## What you have to do
In the entries below, find the line with "GLASGOW CITY COUNCIL" and the line with "Lars Graugaard – Select Discography"; reproduce those two lines and all lines between them exactly, without pictures.

## Data supplied
____

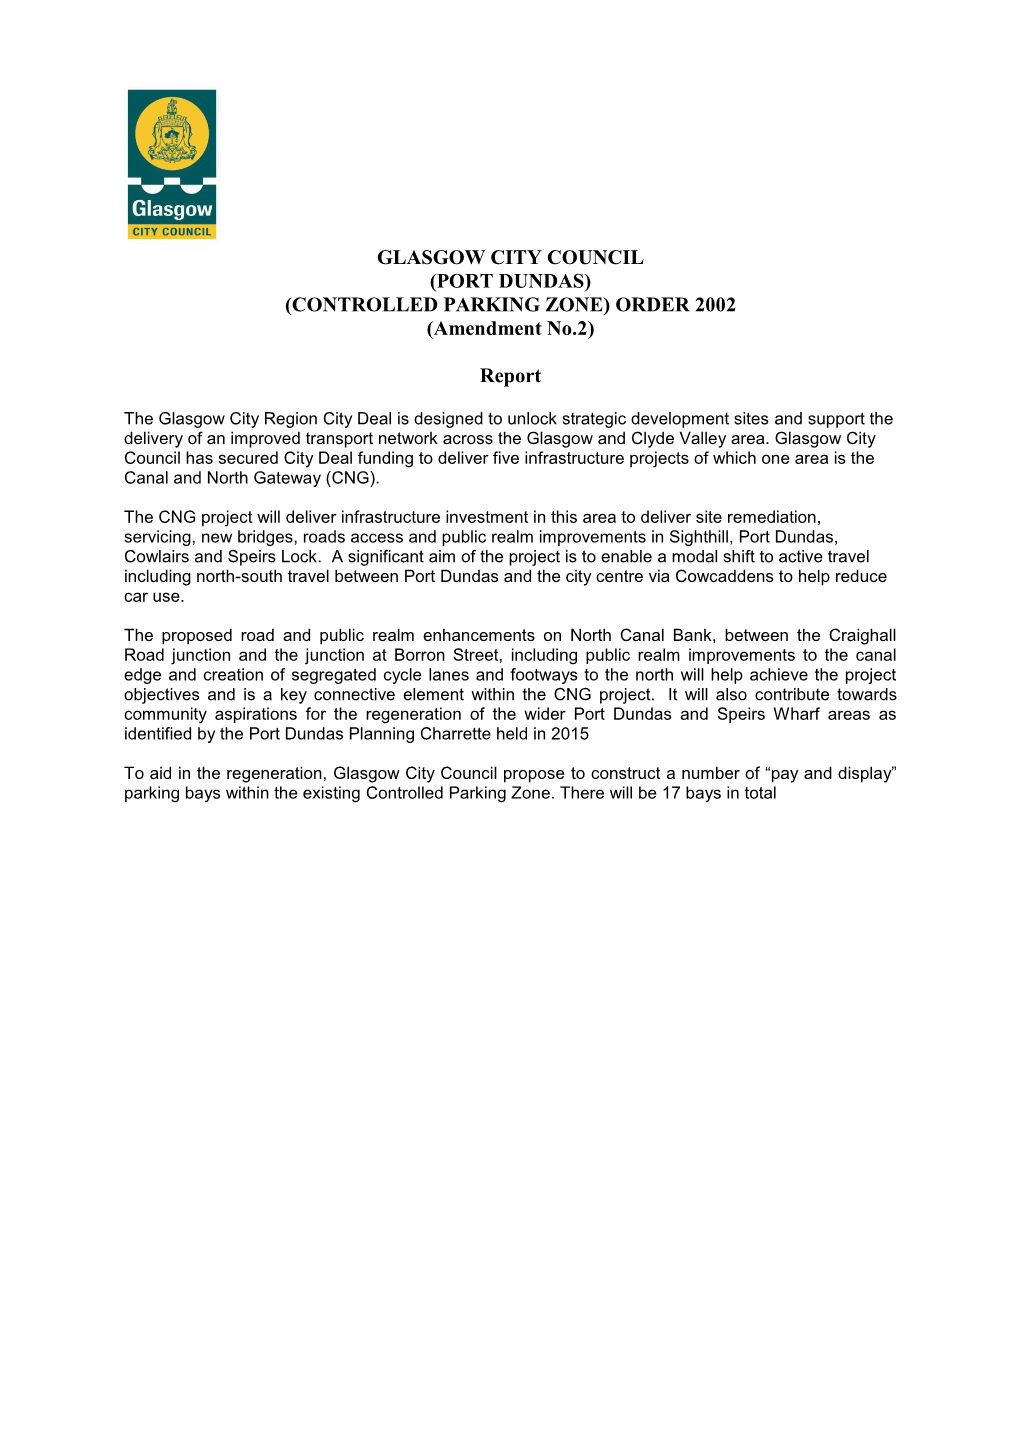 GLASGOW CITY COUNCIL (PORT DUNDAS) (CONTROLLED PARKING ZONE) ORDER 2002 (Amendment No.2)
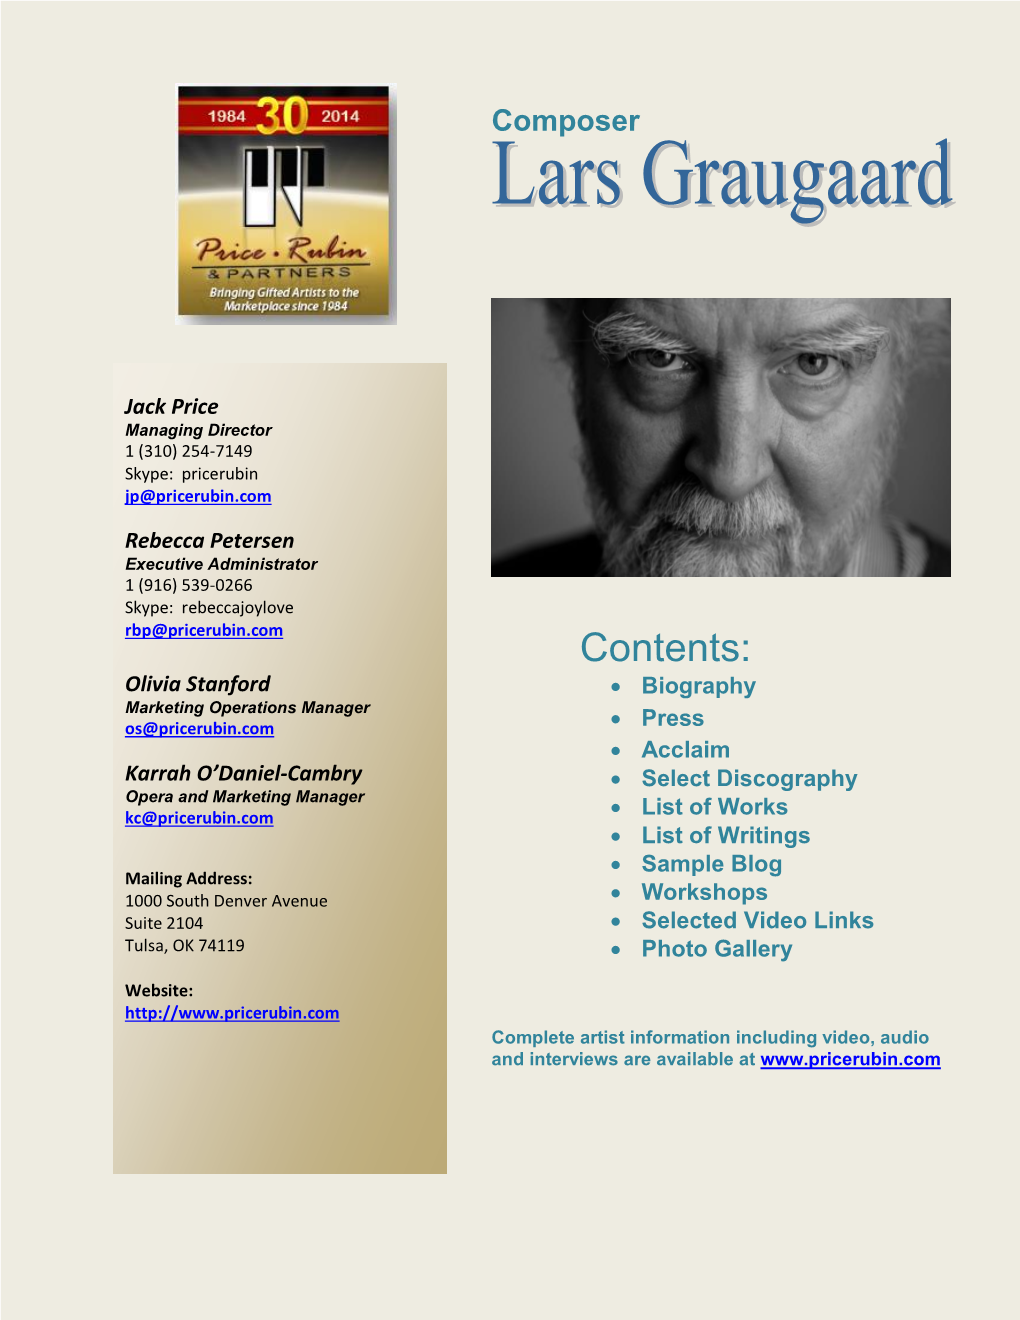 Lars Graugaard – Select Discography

____

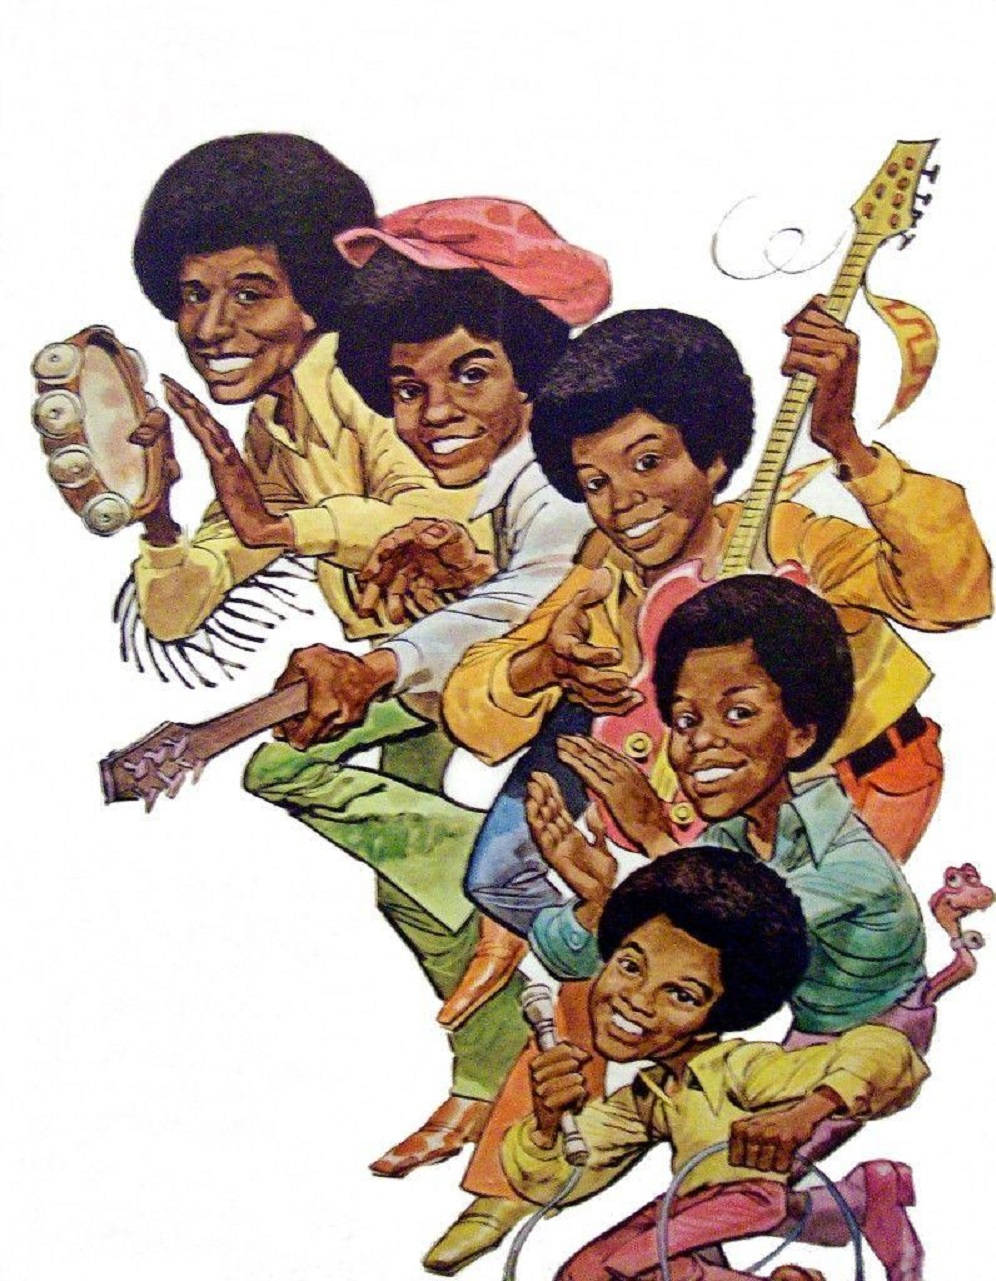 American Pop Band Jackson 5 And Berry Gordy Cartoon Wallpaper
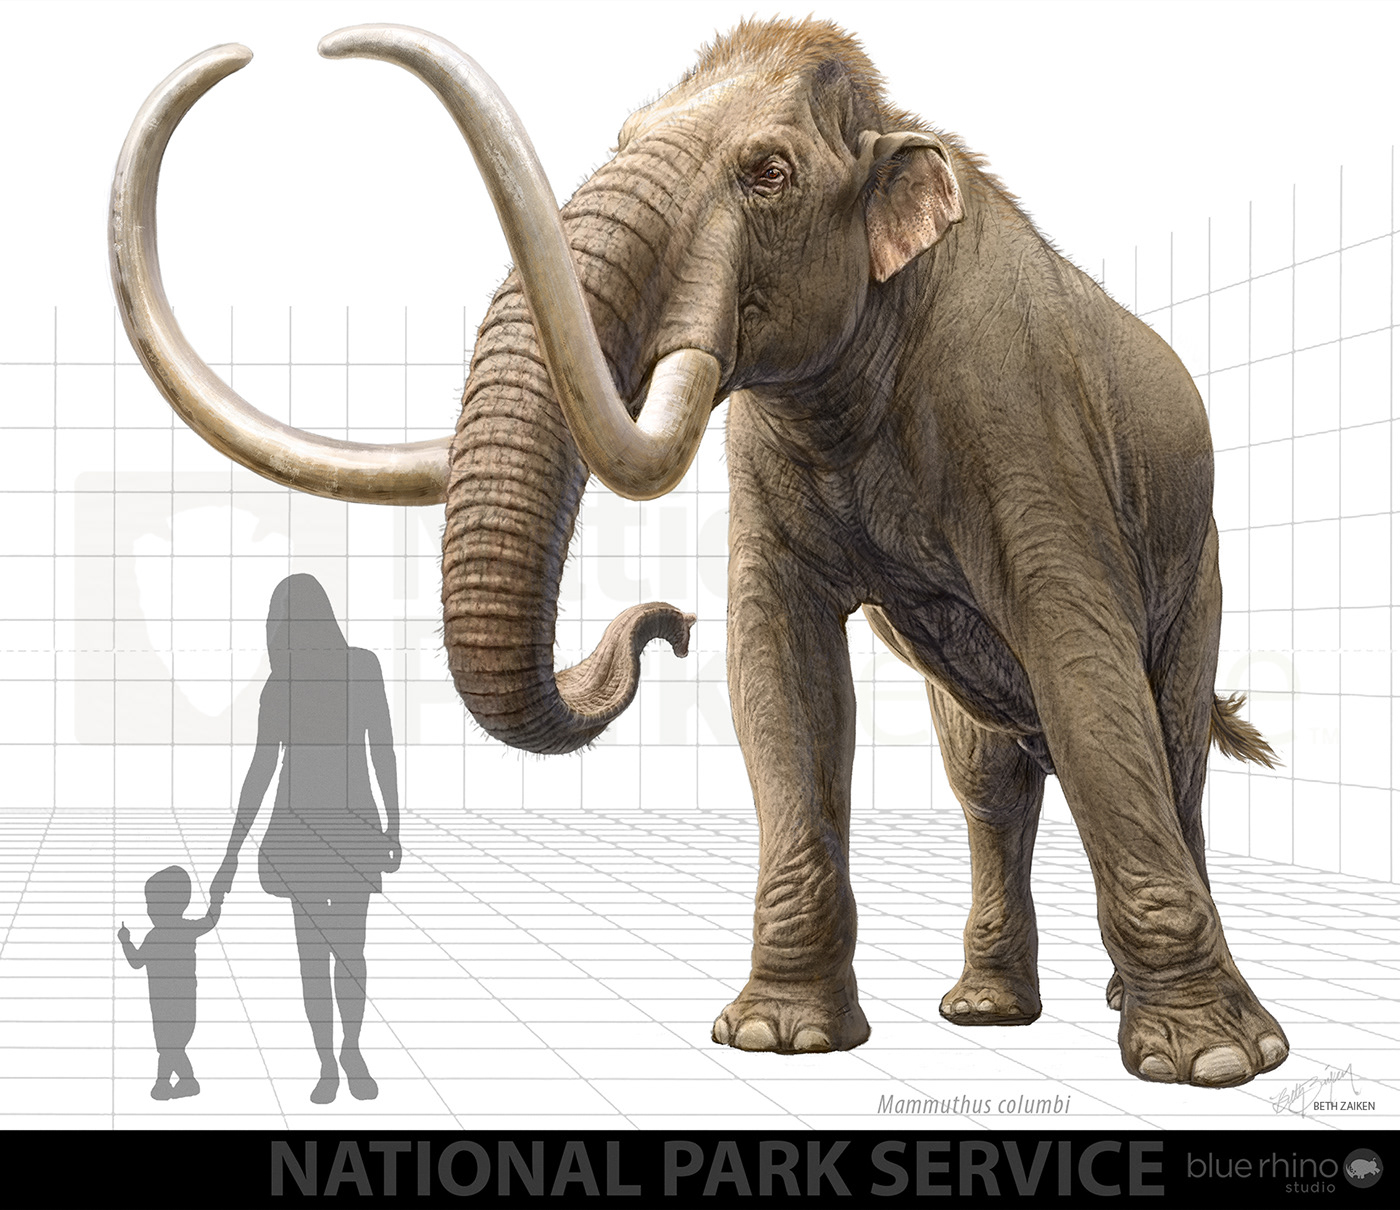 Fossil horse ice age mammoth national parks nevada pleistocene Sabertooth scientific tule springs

____

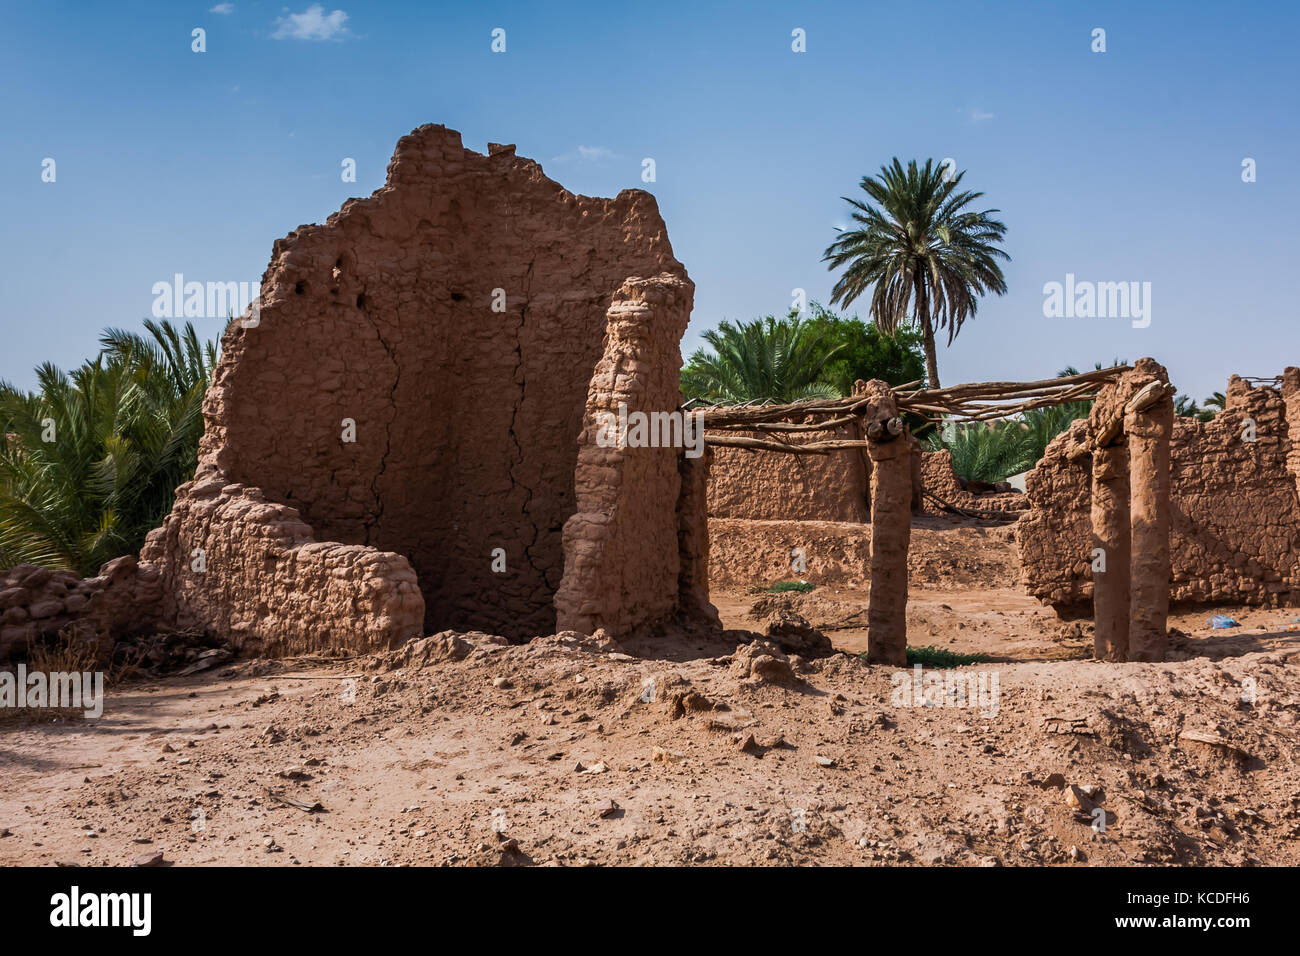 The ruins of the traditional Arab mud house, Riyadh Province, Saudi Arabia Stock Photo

____

## Written answer
 GLASGOW CITY COUNCIL (PORT DUNDAS) (CONTROLLED PARKING ZONE) ORDER 2002 (Amendment No.2)
 Lars Graugaard – Select Discography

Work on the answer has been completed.